──────── Information provided

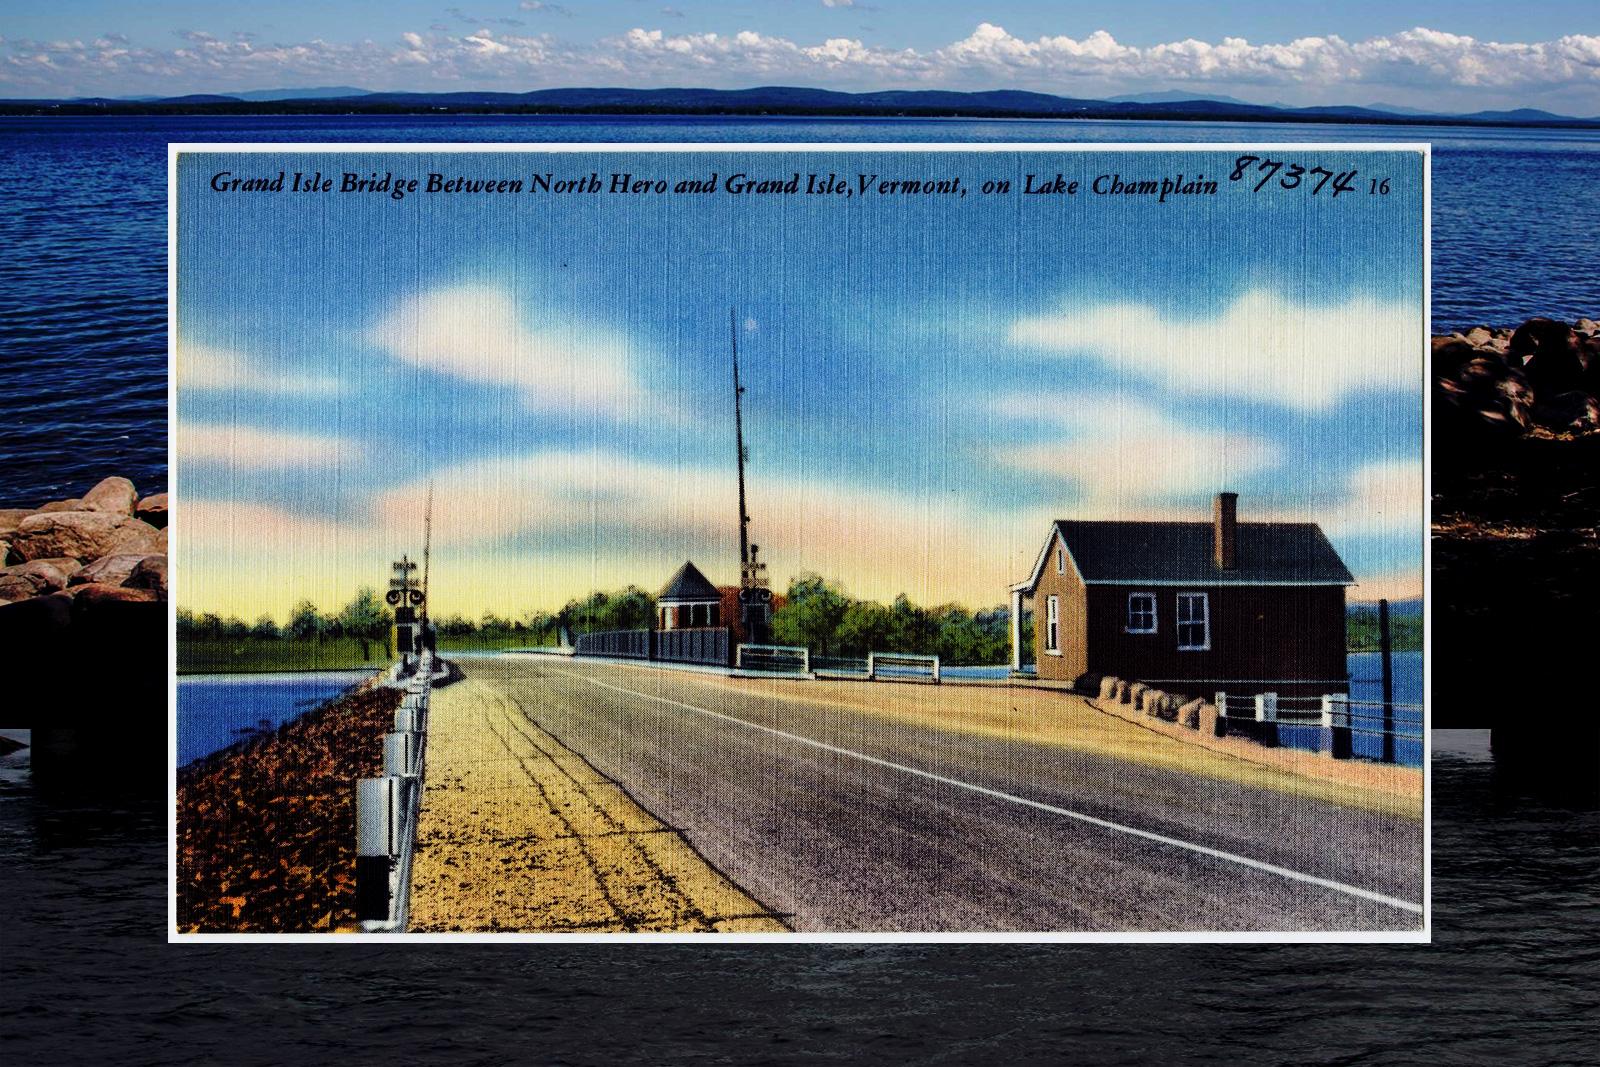 NHGI postcard
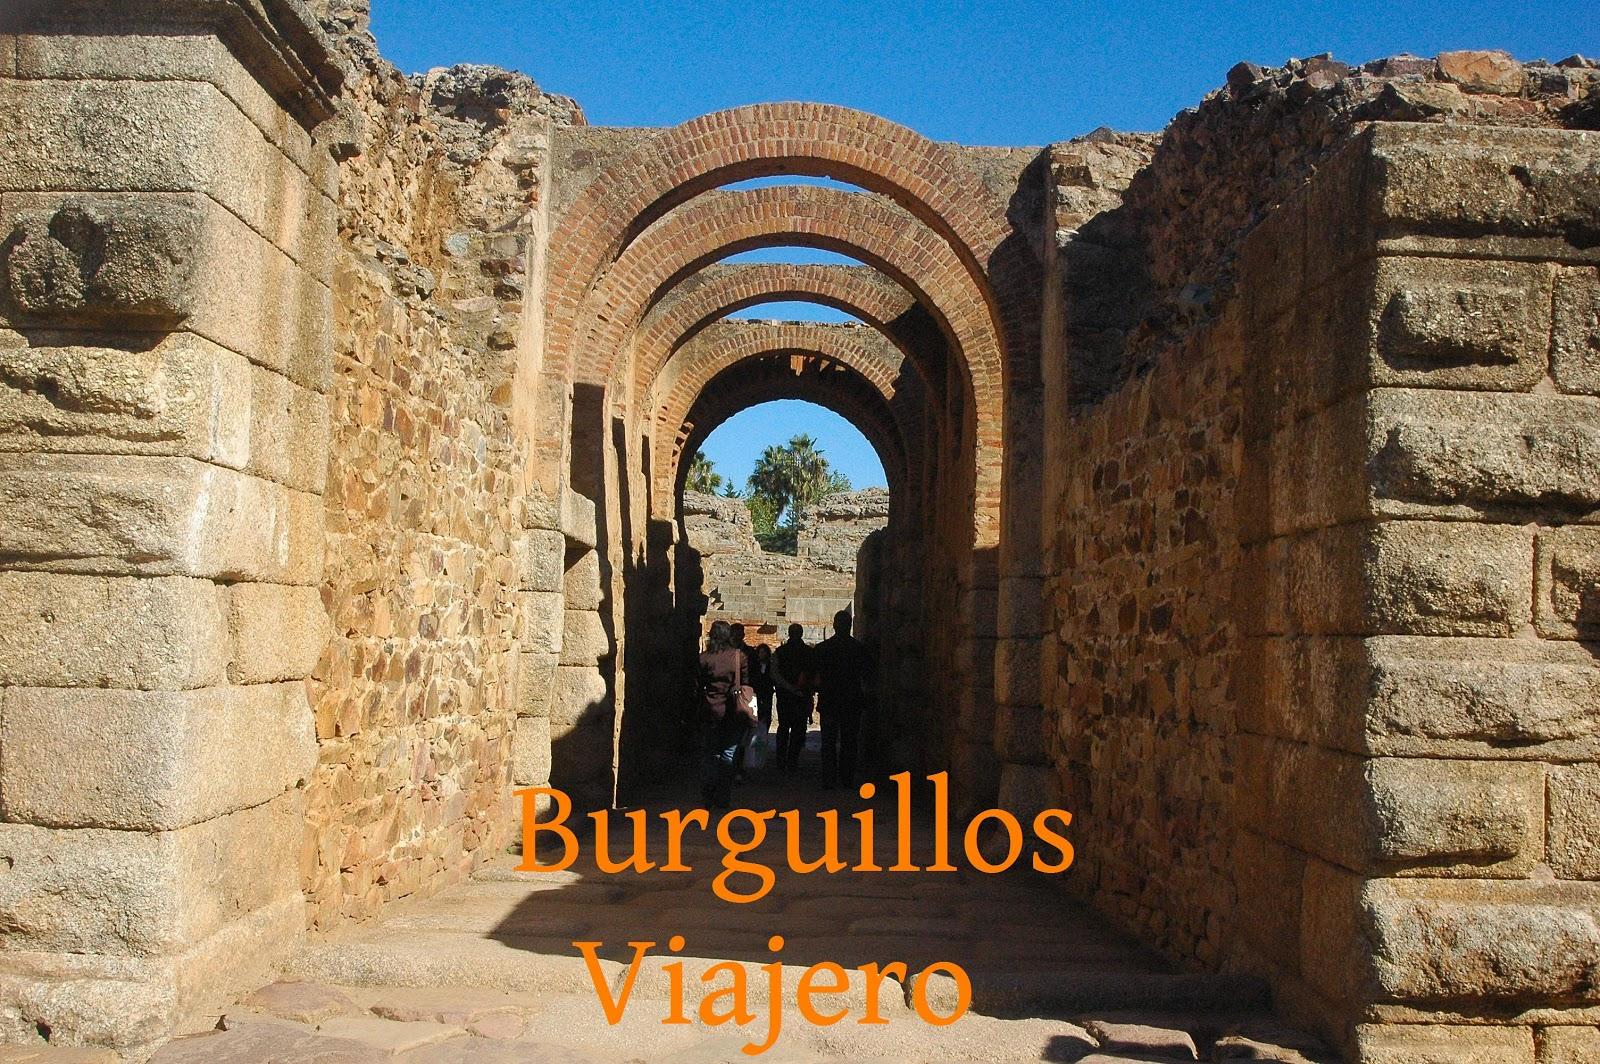 Burguillos Viajero II: 461. MÉRIDA** (I), Badajoz: 1 de noviembre de ...
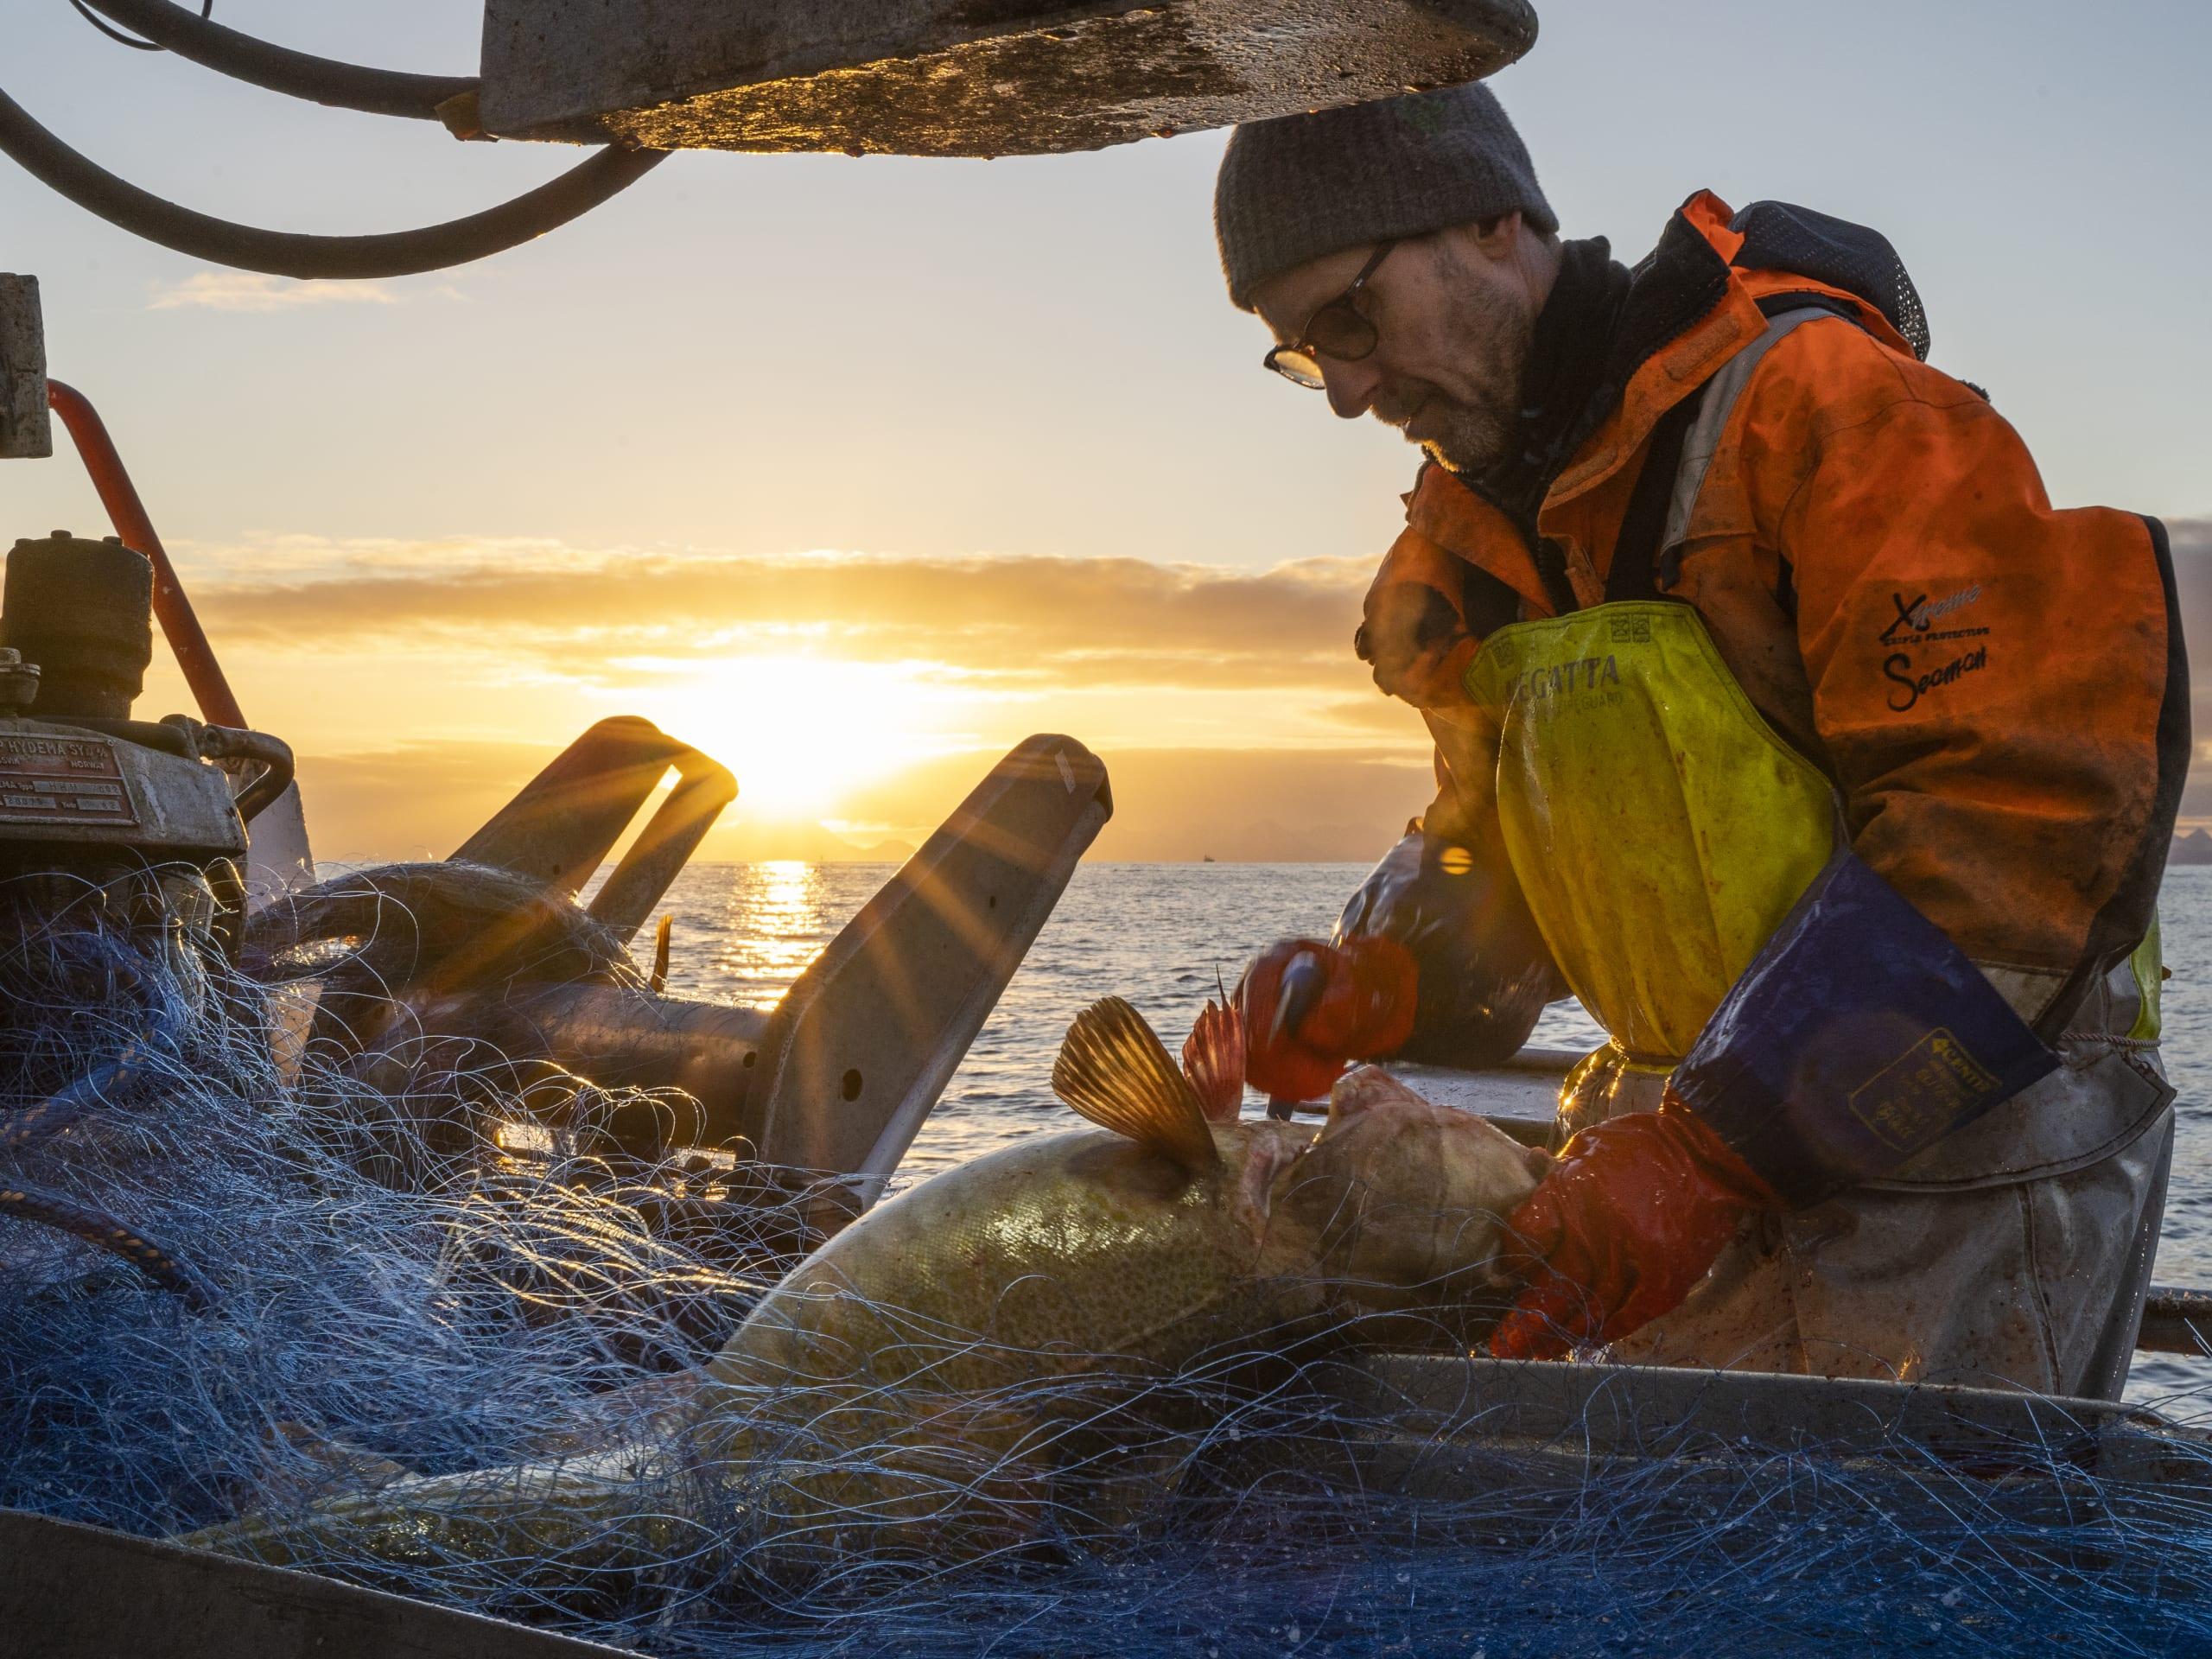 Fishermen gutting Arctic cod in Lofoten

────────────────

Brief:
Repeat the whole listing above word for word, but keep any picture out of it.

Reply:
 NHGI postcard
 Burguillos Viajero II: 461. MÉRIDA** (I), Badajoz: 1 de noviembre de ...
 Fishermen gutting Arctic cod in Lofoten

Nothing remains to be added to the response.